Наши допущения это опровергает, потому что мы привыкли обвинять капитализм в чем-то, что туманно называется рынком: мол, он разрушил прежние системы взаимопомощи и солидарности и создал мир холодного расчета, где все имеет свою цену. На самом деле жители английских деревень, судя по всему, не видели между ними противоречия. С одной стороны, они твердо верили в общинное использование полей, ручьев и лесов и в необходимость помогать соседям, оказавшимся в беде. С другой стороны, рынки считались более мягкой версией того же принципа, поскольку были полностью основаны на доверии. Подобно женщинам тив, дарившим батат и охру, соседи полагали, что должны постоянно находиться в небольшом долгу друг перед другом. В то же время большинство легко мирилось с идеей купли-продажи и даже с колебанием рыночных цен, при условии что они не угрожали существованию честных семейств[504]. Даже когда в 1545 году процентные ссуды были узаконены, это не вызвало особого раздражения, поскольку вписывалось в те же более широкие нравственные рамки: кредитование считалось достойным занятием, например для вдов, не имевших иного источника дохода, или рассматривалось как способ принять участие вместе с соседями в каком-нибудь небольшом доходном торговом предприятии. Уильям Стаут, купец-квакер из Ланкашира, восторженно отзывается о торговце Генри Коварде, в лавке которого он учился ремеслу:
Мой хозяин вел бойкую торговлю бакалеей, скобяными изделиями и многими другими товарами и пользовался большим уважением и доверием не только среди людей его вероисповедания, но и среди людей любого вероисповедания и положения… Его кредит был настолько велик, что всякий, кто располагал деньгами, давал ему их либо под процент, либо на дело{366}.

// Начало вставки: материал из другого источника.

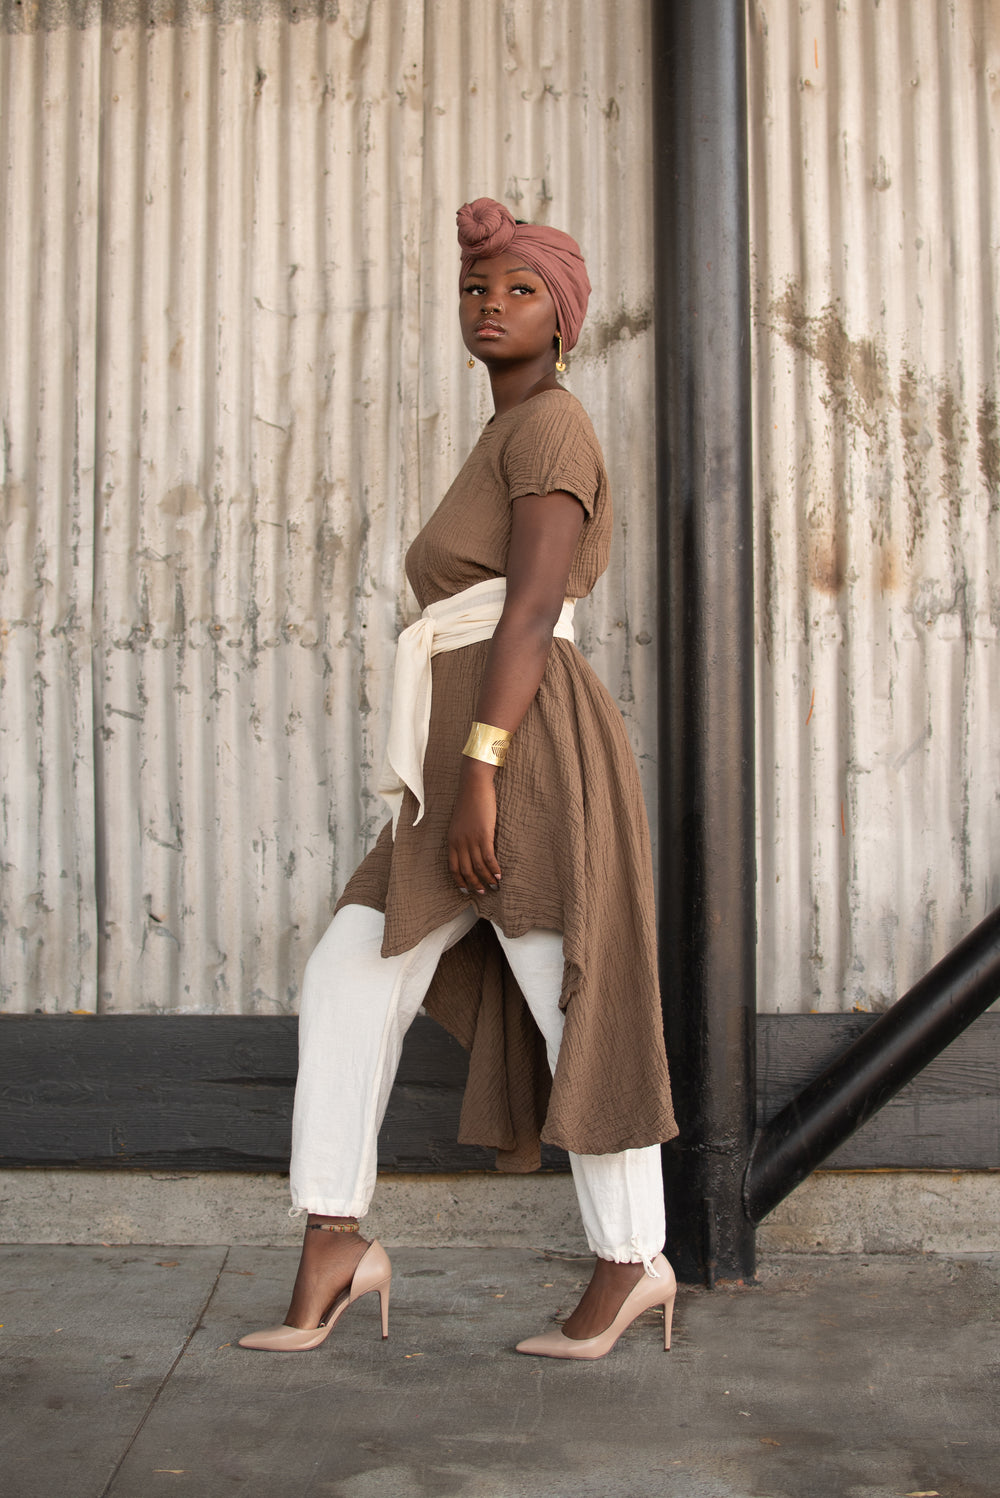 Female model dressed in rose head wrap with long brown tunic top and white bottoms. She has a white wrap around her middle as a sash and tan high heels.

В таком мире доверие — это все. Большая часть денег в прямом смысле были доверием, поскольку кредитные соглашения в основном представляли собой сделки, скреплявшиеся рукопожатием. Употребляя слово «кредит», люди имели в виду в первую очередь репутацию честного человека, а когда речь заходила о предоставлении займа, то честь, добродетель и респектабельность мужчины или женщины, равно как и их щедрость, благопристойность и благожелательная манера общения, имели не меньшее значение, чем сведения о чистом доходе[505]. Как следствие, финансовые категории стали неотличимы от нравственных. Можно было отзываться о других людях как о «солидной особе», об «очень достойной женщине» или о «никчемном человеке» или говорить, что чьи-то слова «заслуживают доверия», когда им верили («доверие» (“credit”)[506] происходит от того же корня, что и «вероисповедание» (“creed”) и «достоверность» (“credibility”)), или что им можно «предоставить кредит», когда вы верили им на слово, что они вернут то, что одолжили.
Эту ситуацию не стоит идеализировать. Речь здесь идет о патриархальном мире: репутация целомудренной женщины, которой пользовалась чья-то жена или дочь, была такой же составляющей «кредита» мужчины, как и его собственная репутация доброго или благочестивого человека. Более того, почти все мужчины и женщины младше тридцати прислуживали в чьем-нибудь доме, работая батраками, доярками или подмастерьями, а значит, были людьми совершенно «никчемными»{367}. Наконец, те, кто утрачивал доверие в глазах общины, становились париями и пополняли ряды преступного или полупреступного мира безродных чернорабочих, попрошаек, проституток, карманников, лоточников, разносчиков, гадателей, менестрелей и других «мужчин без хозяина» или «женщин с дурной репутацией»{368}.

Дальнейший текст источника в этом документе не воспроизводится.